For all intents and purposes I have established that best practices on an authentication service should be followed. PINs should be protected and confidential as per how one might protect passwords in a system. My question however has to do with the best way to handle generation of a PIN.
The clients have no ability to decide on their own PIN. The system must generate a PIN for the customer, then securely pass it to a security mailer machine that prints it out within a self sealed privacy envelope. The PIN does not expire but can be revoked by an admin. The client can request a new PIN for any reason which invalidates their current PIN. The PIN is 8 character alphanumeric.
The requirement that I am unsure about is that the business insists that all PINs should be unique.

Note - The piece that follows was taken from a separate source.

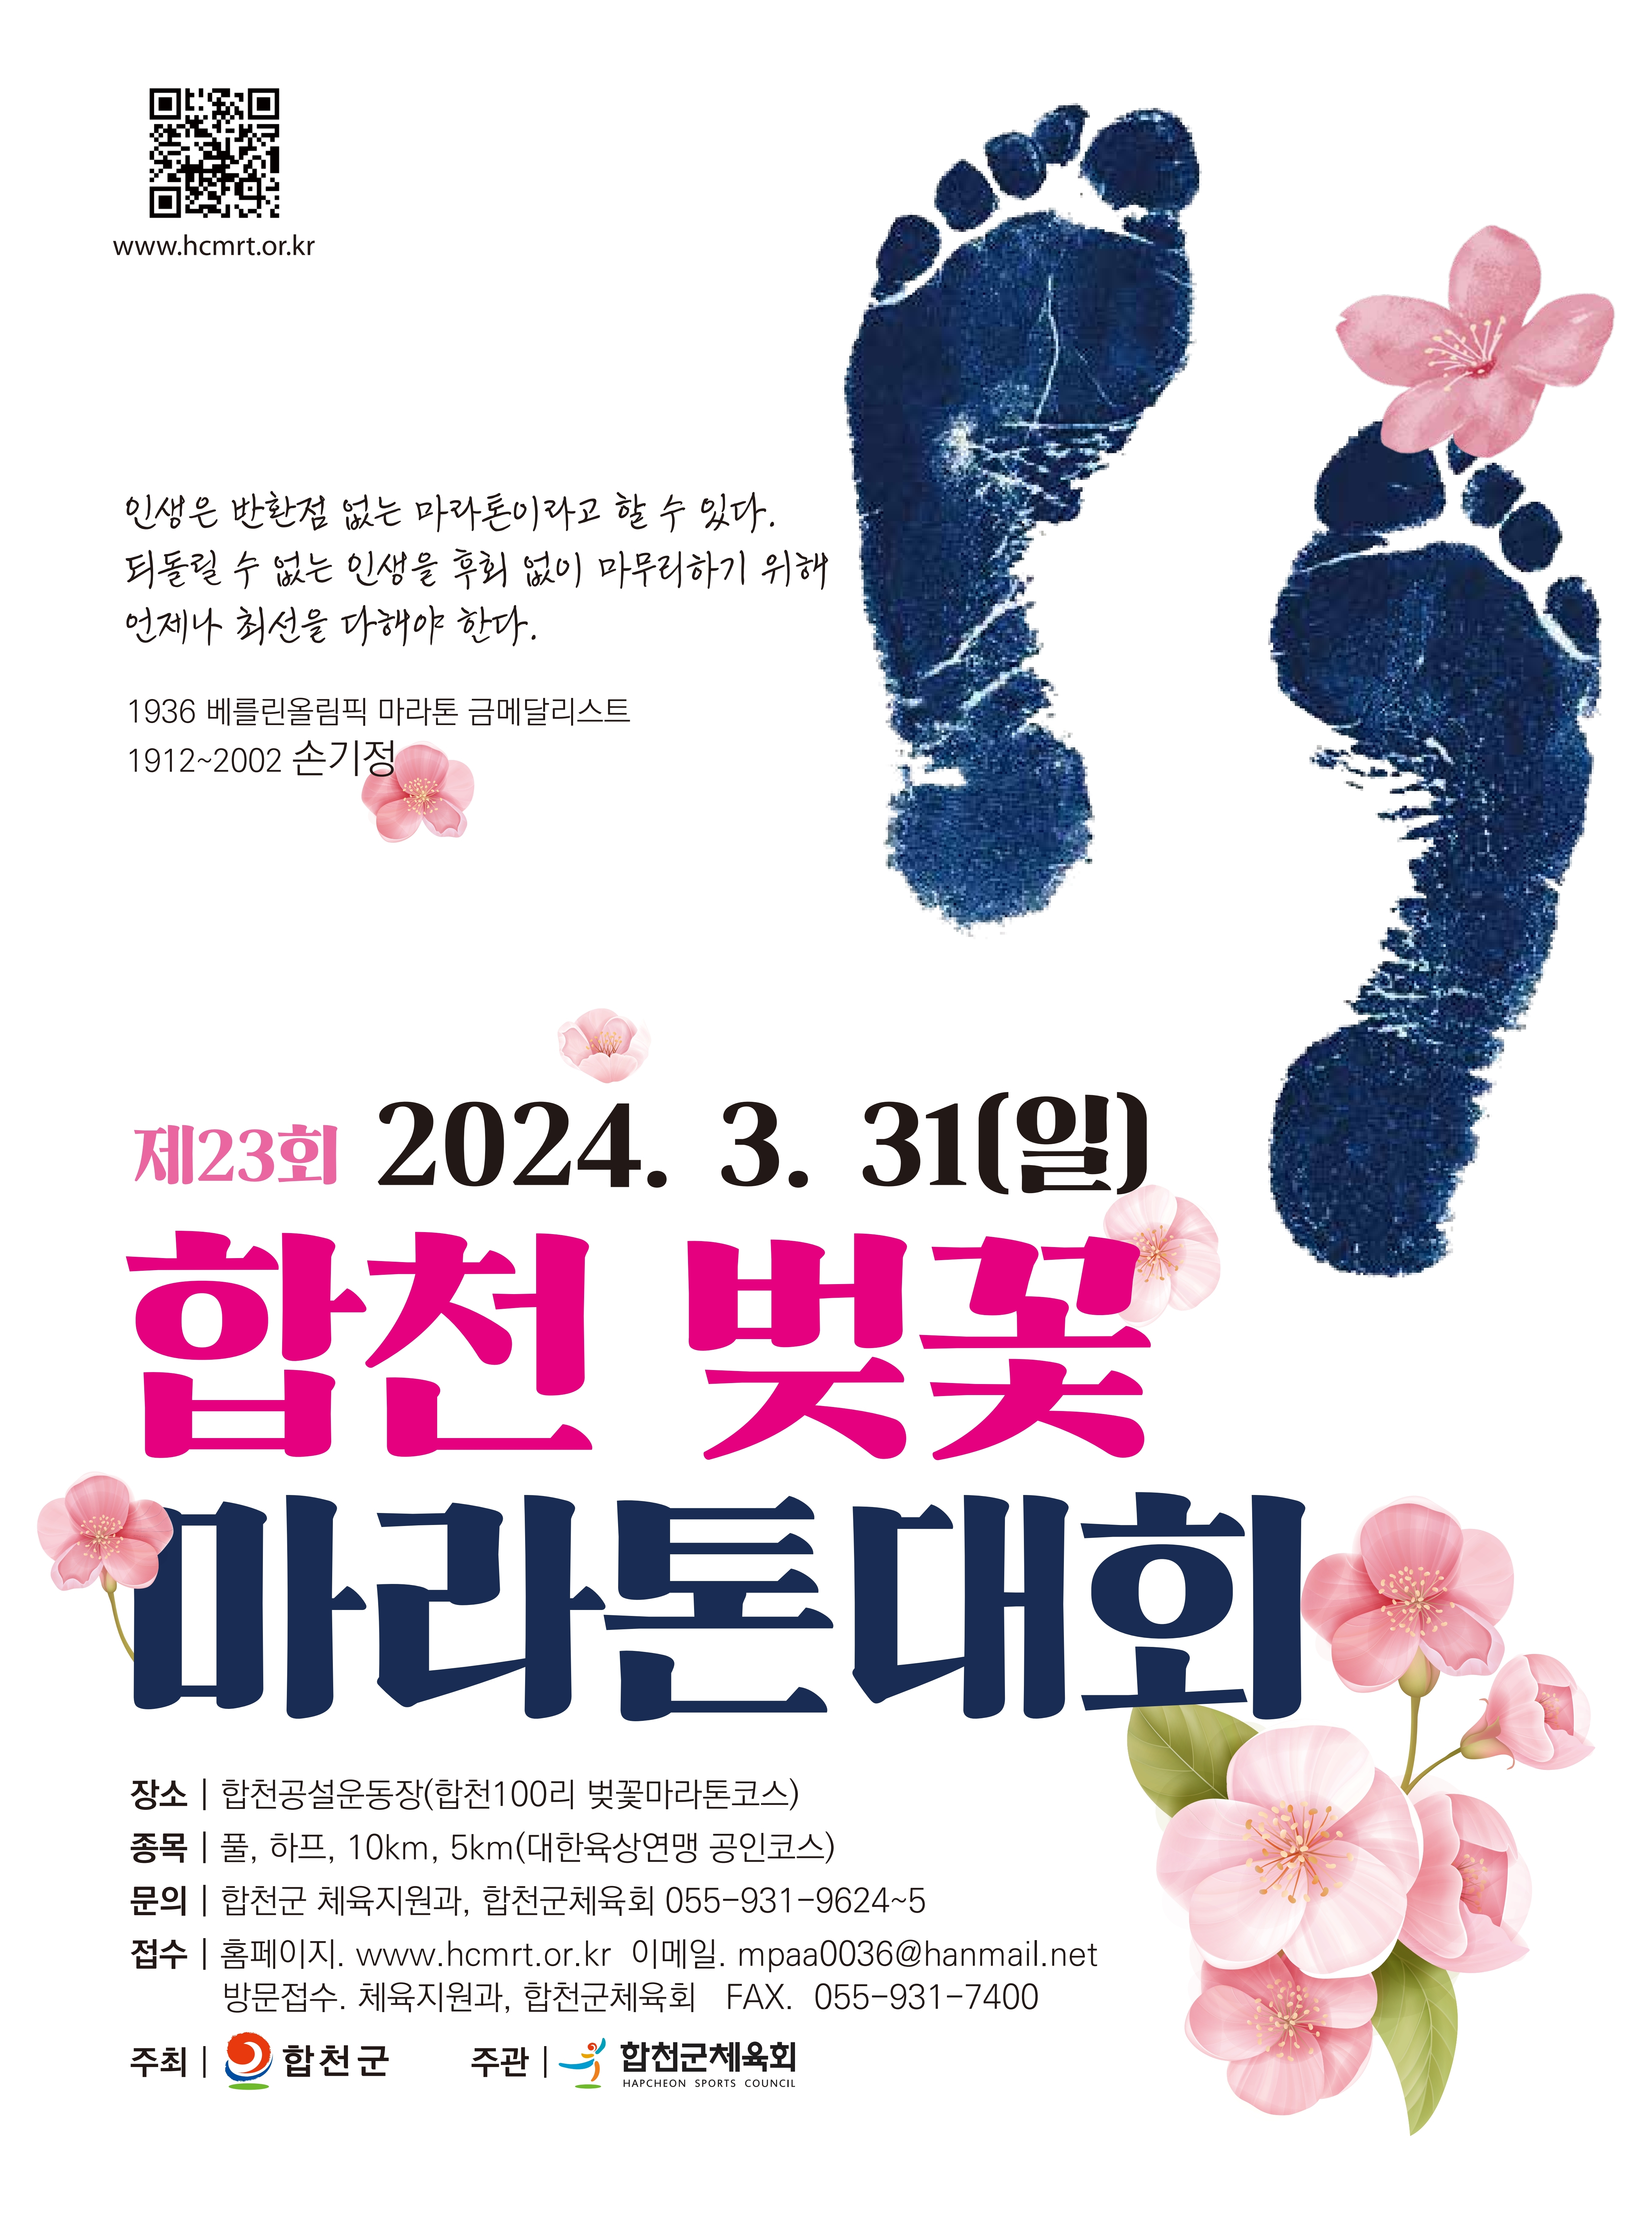 제23회 합천벚꽃마라톤대회 개최 안내 이미지 2 - 본문에 자세한설명을 제공합니다.

No two clients should ever by accident receive the same PIN. On the surface this seems like a relatively benign requirement until I start to consider how the system might be able to verify the uniqueness of a PIN on a global scale. I would think that if it is best practice to salt the PIN with data that is record specific, then hash the result, we would store a cryptographically unique PIN that cannot be reversed and is resistant to rainbow table attack. To keep a record of all unique PINs that have already been generated however, I would need to keep a separate hash of these in another location but salted globally such that I could verify if a newly generated PIN had by chance been generated already.
I would think just keeping a list of hashed PINs that have historically been generated presents a huge security liability for the system, arguably riskier than the chance that any two clients might happen to have the same PIN.
I am having trouble understanding not only why the business is adamant about this, if it is just because a similar legacy system operates this way, or if there happens to be some regulatory reason why it must be this way. I am also having trouble understanding how I can securely implement such a solution without creating a vulnerability. Any suggestions for how or if this can be securely accomplished?
UPDATE: Additional info, this is a relatively small amount of clients, perhaps less than 20k. If one were to determine what the global salt was by looking at code, then a rainbow table could determine a large number of currently in use PINs. Any known PIN might have a 1/20k chance of being correct for a given client.